Automatic Sleep Stage Classification Based on Convolutional Neural Network and Fine-Grained Segments

Abstract

Sleep stage classification plays an important role in the diagnosis of sleep-related diseases. However, traditional automatic sleep stage classification is quite challenging because of the complexity associated with the establishment of mathematical models and the extraction of handcrafted features. In addition, the rapid fluctuations between sleep stages often result in blurry feature extraction, which might lead to an inaccurate assessment of electroencephalography (EEG) sleep stages. Hence, we propose an automatic sleep stage classification method based on a convolutional neural network (CNN) combined with the fine-grained segment in multiscale entropy. First, we define every 30 seconds of the multichannel EEG signal as a segment. Then, we construct an input time series based on the fine-grained segments, which means that the posterior and current segments are reorganized as an input containing several segments and the size of the time series is decided based on the scale chosen depending on the fine-grained segments. Next, each segment in this series is individually put into the designed CNN and feature maps are obtained after two blocks of convolution and max-pooling as well as a full-connected operation.
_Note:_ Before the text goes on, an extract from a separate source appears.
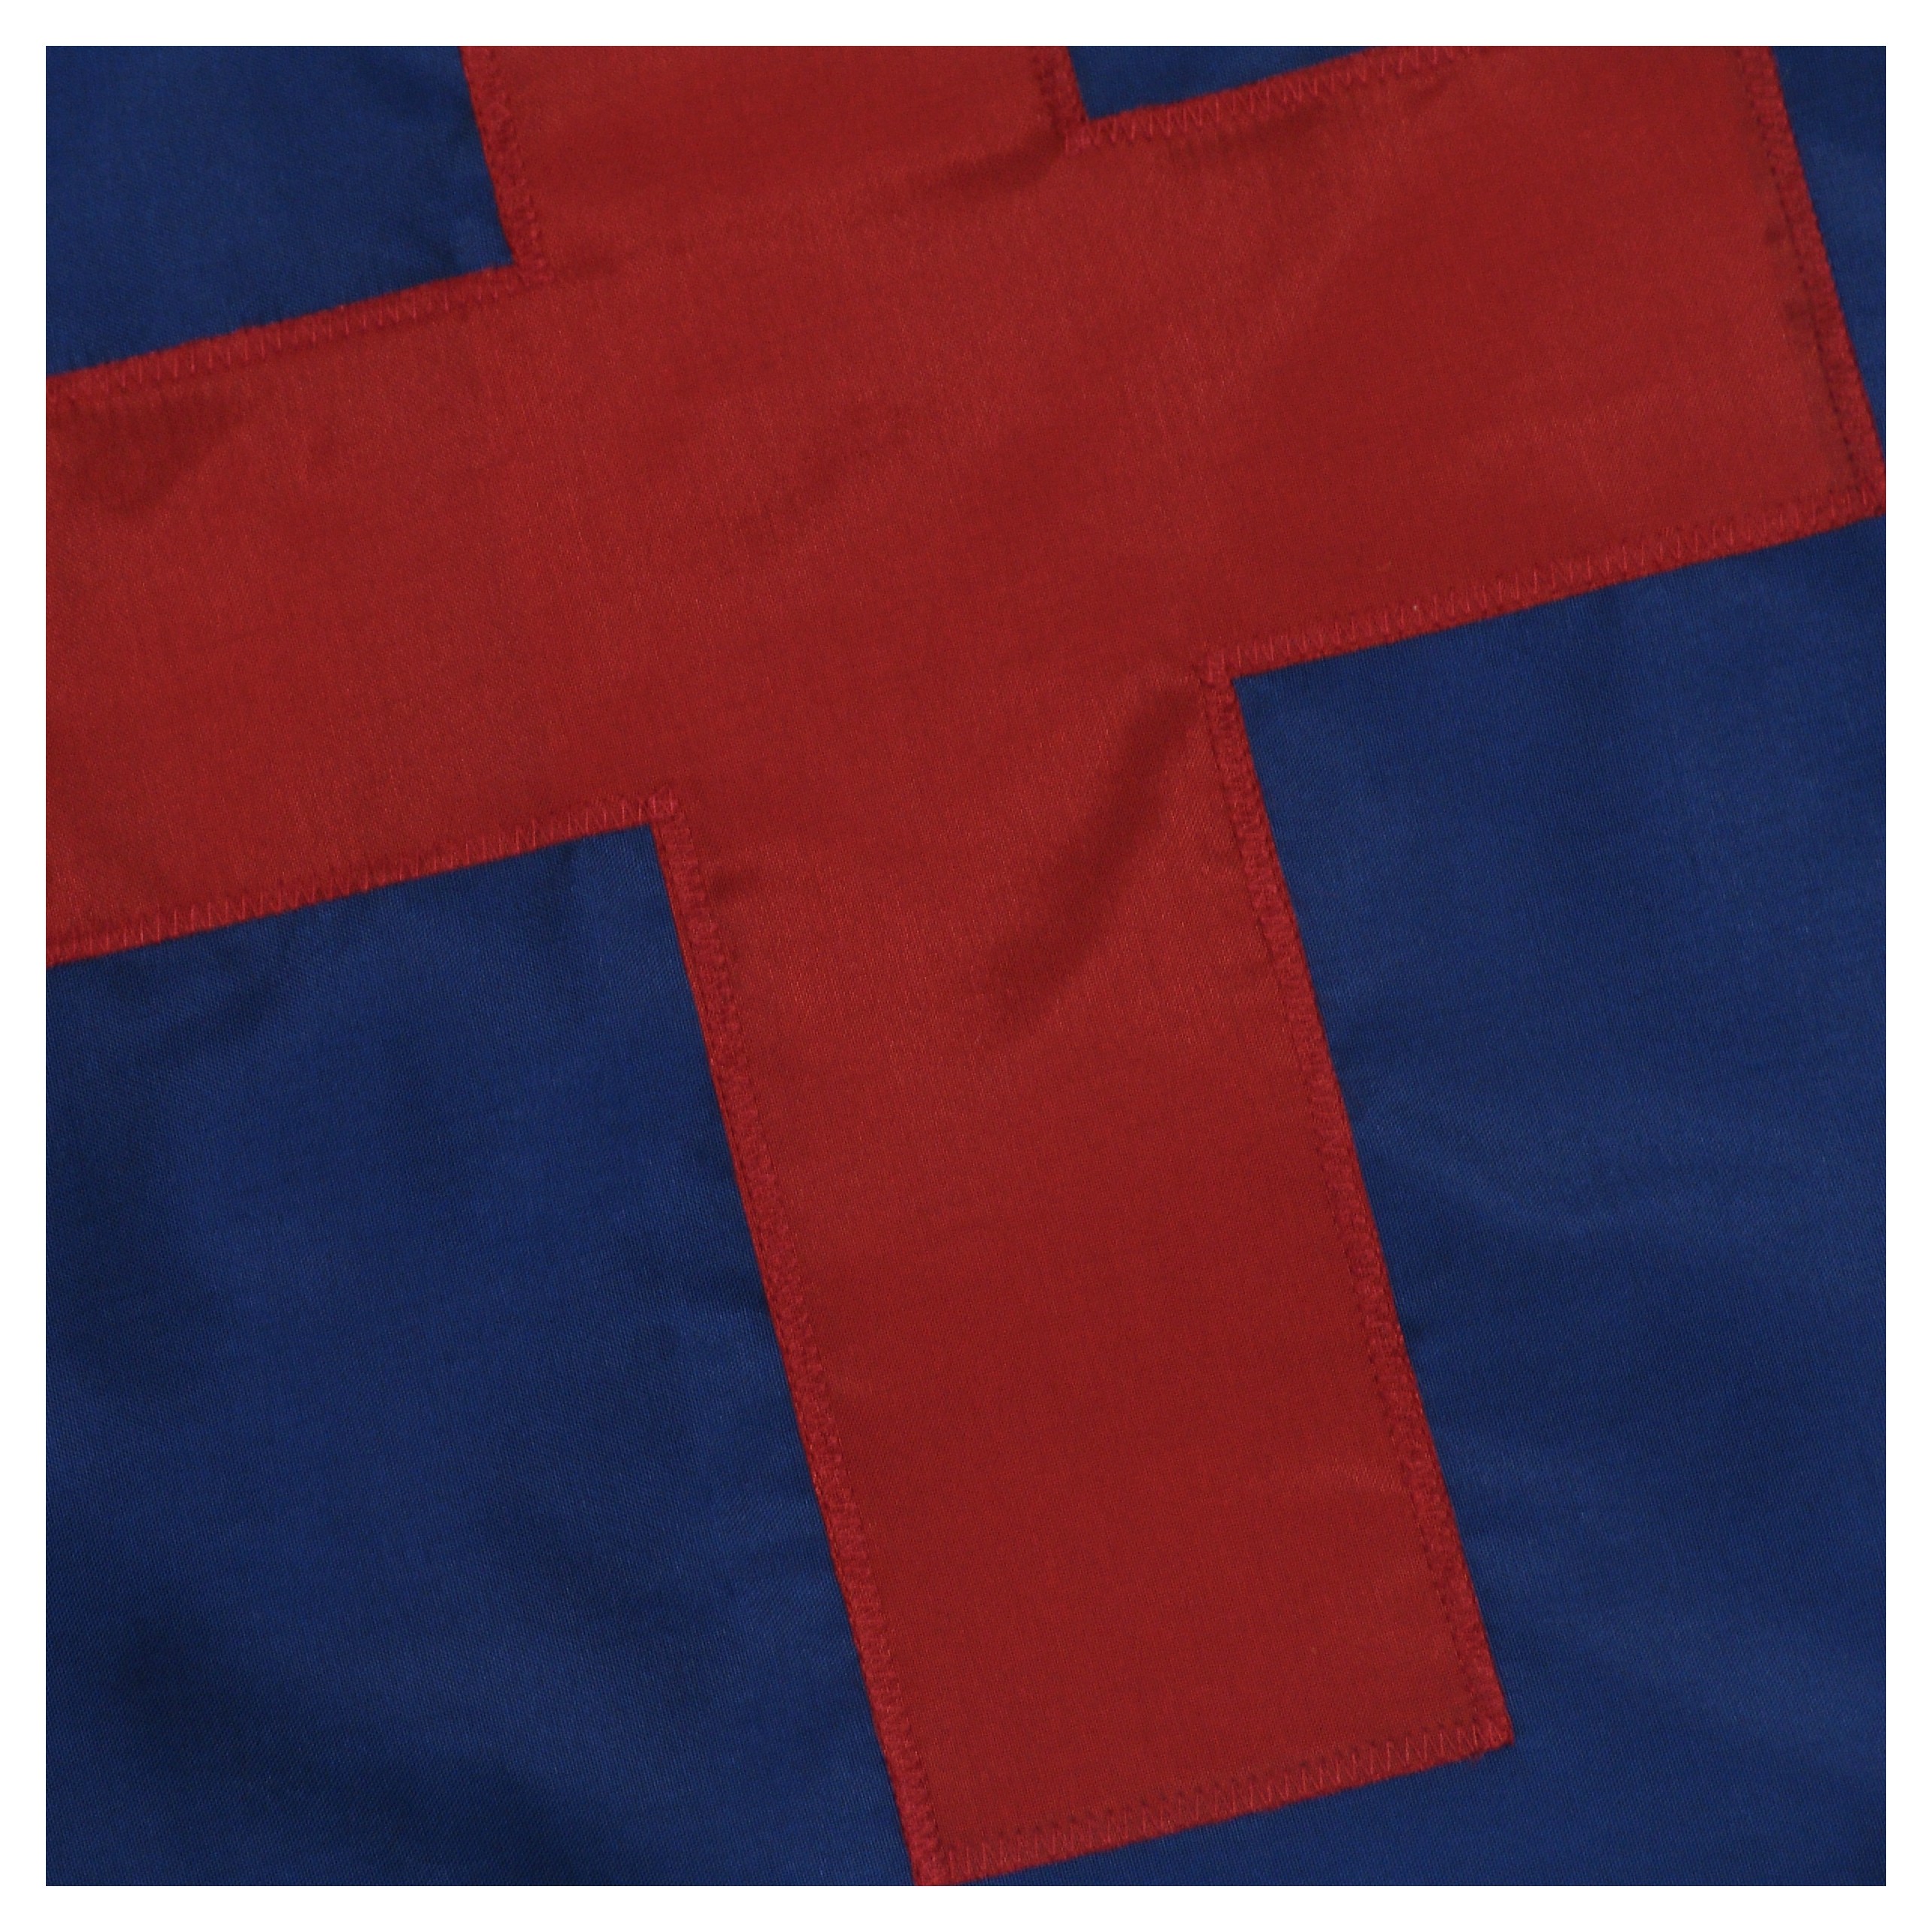 free clip art of the christian flag - photo #8

Finally, the results from the full-connected layer of each segment in the input time sequence are put into the softmax classifier together to get a single most likely sleep stage. On a public dataset called ISRUC-Sleep, the average accuracy of our proposed method is 92.2%. Moreover, it yields an accuracy of 90%, 86%, 93%, 97%, and 90% for stage W, stage N1, stage N2, stage N3, and stage REM, respectively. Comparative analysis of performance suggests that the proposed method is better, as opposed to that of several state-of-the-art ones. The sleep stage classification methods based on CNN and the fine-grained segments really improve a key step in the study of sleep disorders and expedite sleep research.